On the surface, secession sounds very appealing, especially to the residents of red states.  Tired of the abuses they endured under the Obama administration, sickened by the behavior of the BLM and Antifa crowds, and discouraged by the lack of support from the Republican establishment at the federal level while President Trump was attacked on every side and hindered from implementing his America First agenda, what could be better than severing ties from the corrupt, bureaucratically bloated and top-heavy, fiscally irresponsible, and seemingly irredeemable federal system?  Texas alone has the tenth largest economy in the world.  They could easily stop sending tax dollars to subsidize freeloaders, cut regulations to encourage business, secure their own borders, and subsequently enjoy greater levels of freedom and prosperity and serve as a model for other like-minded states.  Where is the downside? 

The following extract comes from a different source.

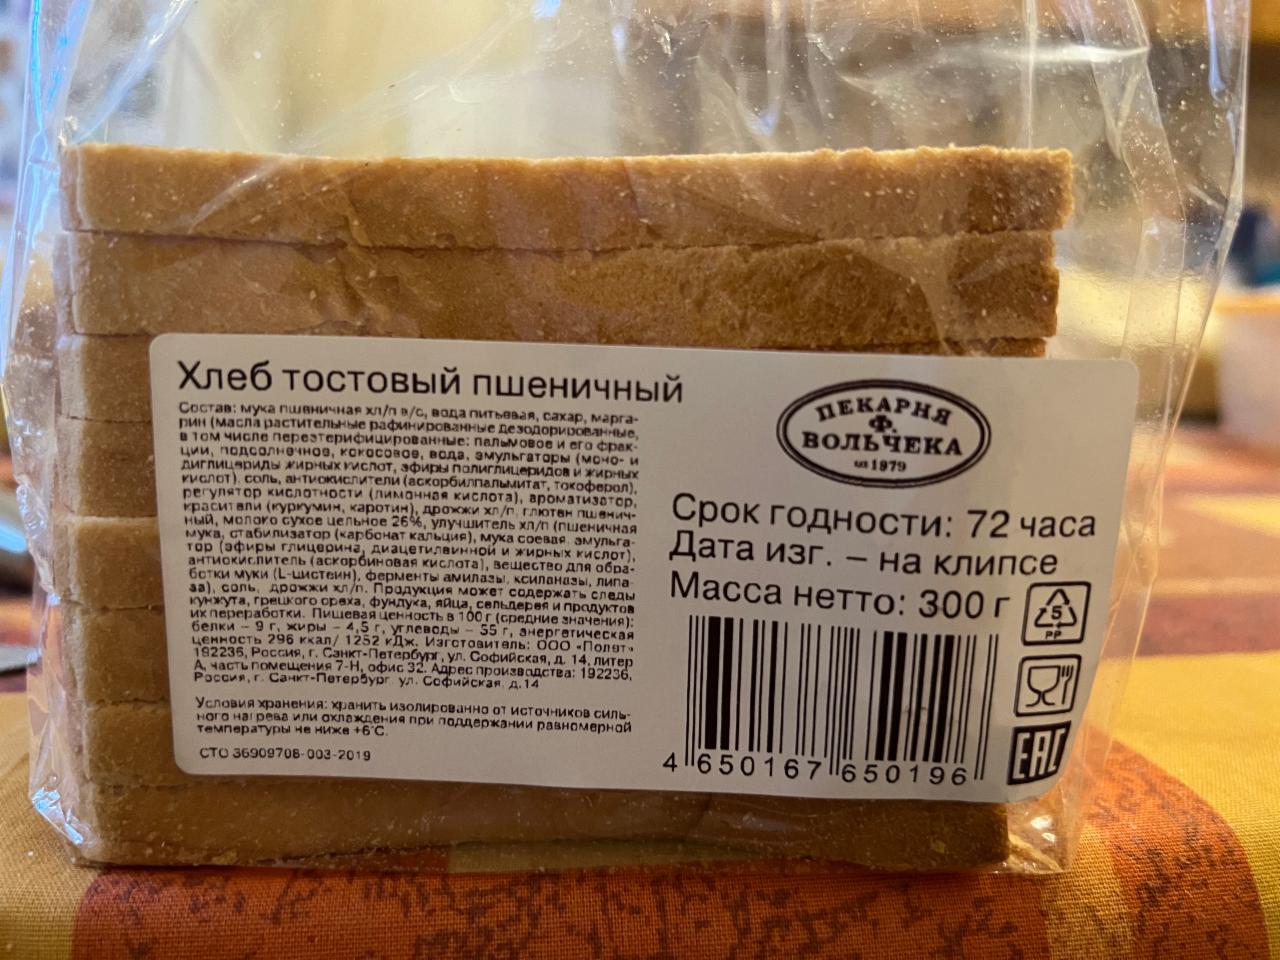 Фото - Хлеб тостовый пшеничный Вольскую Пекарня Ф. Вольчека

Setting aside the complexity mentioned above, the downside can be summed up in two words: Russia and China.  The combined economic and military power of the United States is all that stands between Russia, China, and the freedom and security of the rest of the world.  The economic impact of secession on the United States would be staggering.  A loss of just three or four red states could easily pull four trillion dollars or more from the economy.  The military impact would be no less dramatic.  The same three or four states would remove hundreds of bases and their accompanying personnel and weapons from the collective arsenal, depleting our military of critical strategic and tactical resources.   The power vacuum created by a United States weakened by secession would leave the field wide open for Russia and China to enter and dominate.  It is unlikely that the remaining Asian and European powers could resist without the US to reinforce them. 

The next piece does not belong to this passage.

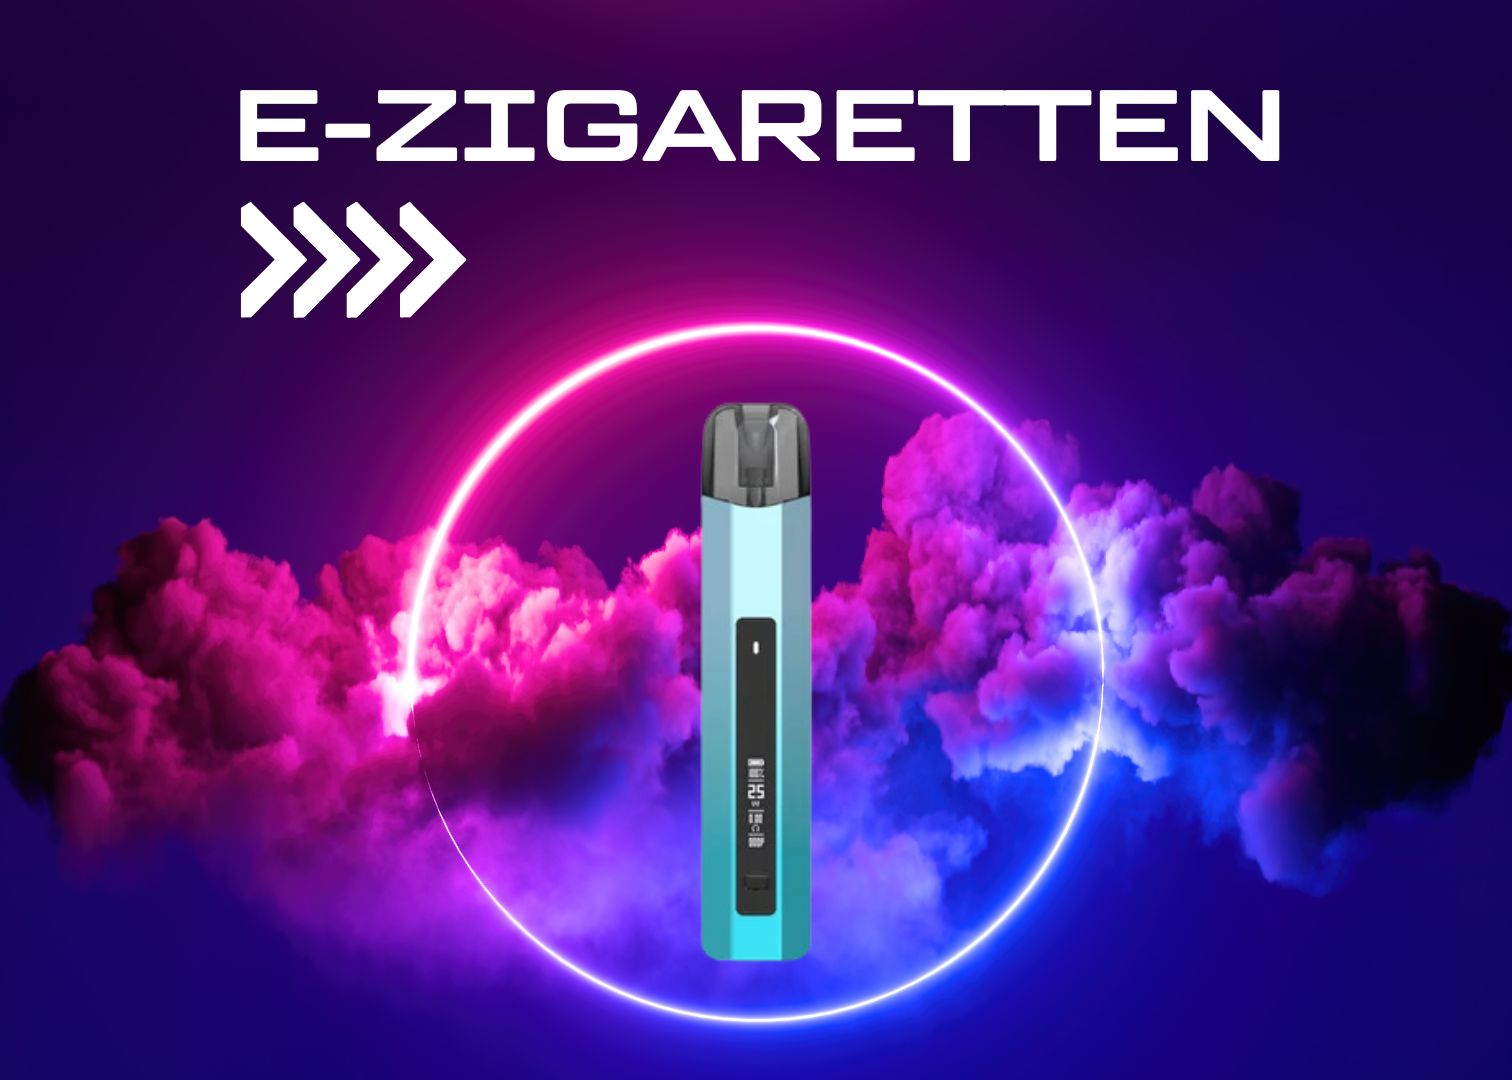 E-Zigaretten

Not only would the rest of the world be vulnerable to Russia and China, a fragmented United States would be incapable of standing against either remaining superpower, let alone both.  Even if a new confederation of red states were to rise and successfully band together economically and militarily, it is highly unlikely that they could resist the might of such powerful foes, particularly if any of the remaining states opposed them.  A military invasion would not be necessary for Russia and/or China to subject a fragmented North America to their wills, but any such invasion would eventually result in defeat, a defeat made more bitter by the the realization that China only possesses their economic and military power because we gave it to them, freely, without coercion. 

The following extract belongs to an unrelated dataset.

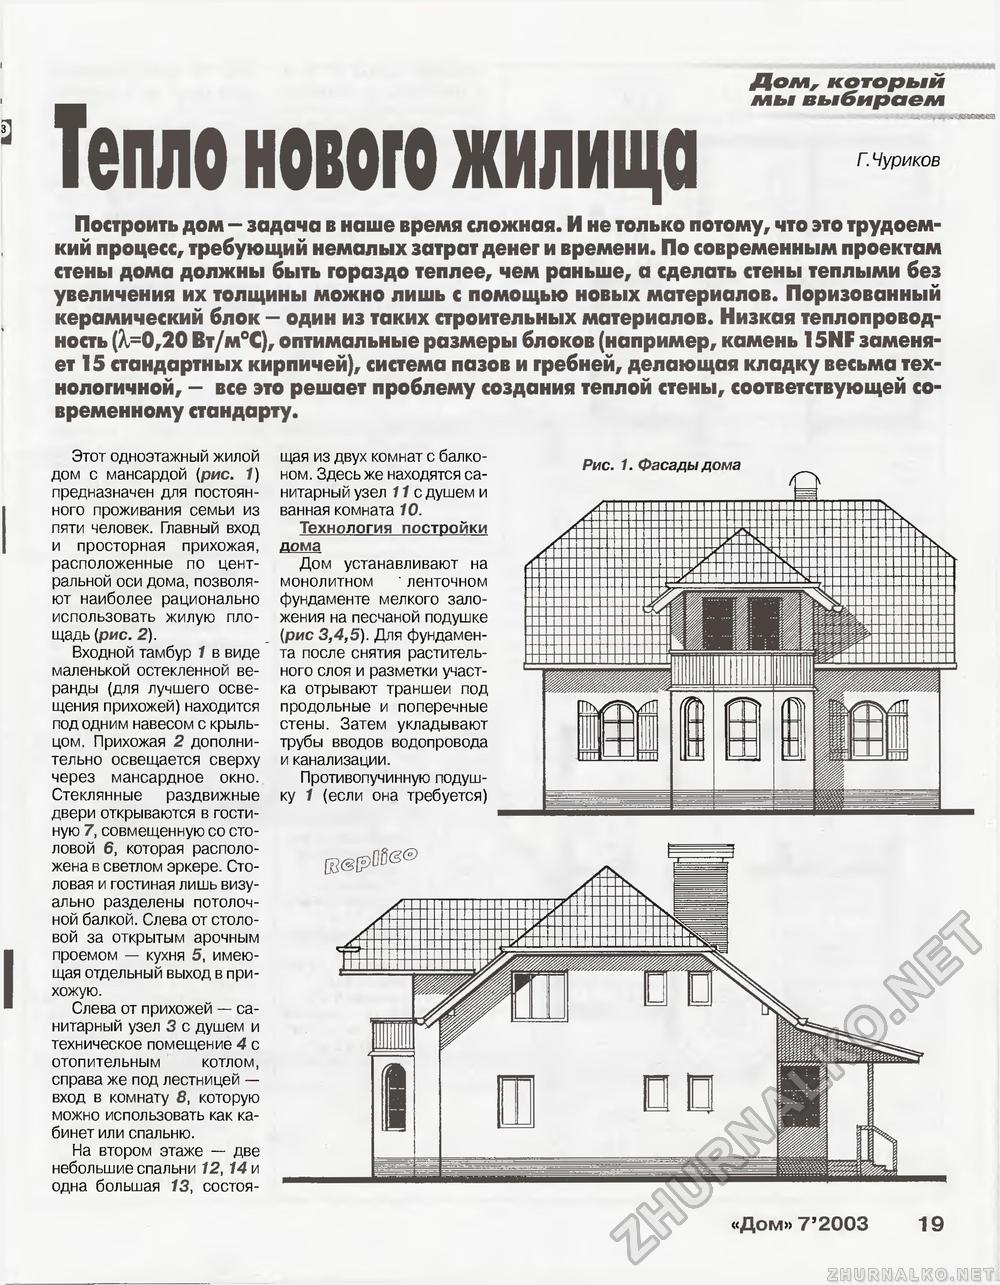 Дом 2003-07, страница 19

Barring secession, what recourse, then, is open to conservatives?  Better minds than mine have dwelled on this question at length, but, at least one solution is floating around the same venues as above, and is worth considering and developing: namely the assertion of individual and states’ rights under the ninth and tenth amendments.  As mentioned above, a number of conservative states wield substantial economic power.  It is time for them to assert that power and reject the types of damaging policies implemented during the Obama administration, and that we can expect under a Biden/Harris administration.  How this might work is beyond the scope of an article like this, but, again, others have already done the heavy lifting here.  Conservatives can and should evaluate these proposals and act on them.  Secession is not necessary to reign in a wildly out of control federal government and protect the citizens of this still greatest nation in the world.  Yes, conservatives need to act in order to protect their, and the nation’s, interests.  But that action cannot and must not undermine our collective economic and military strength.  We need both if we are to continue to stand for freedom, not just here, but everywhere in the world.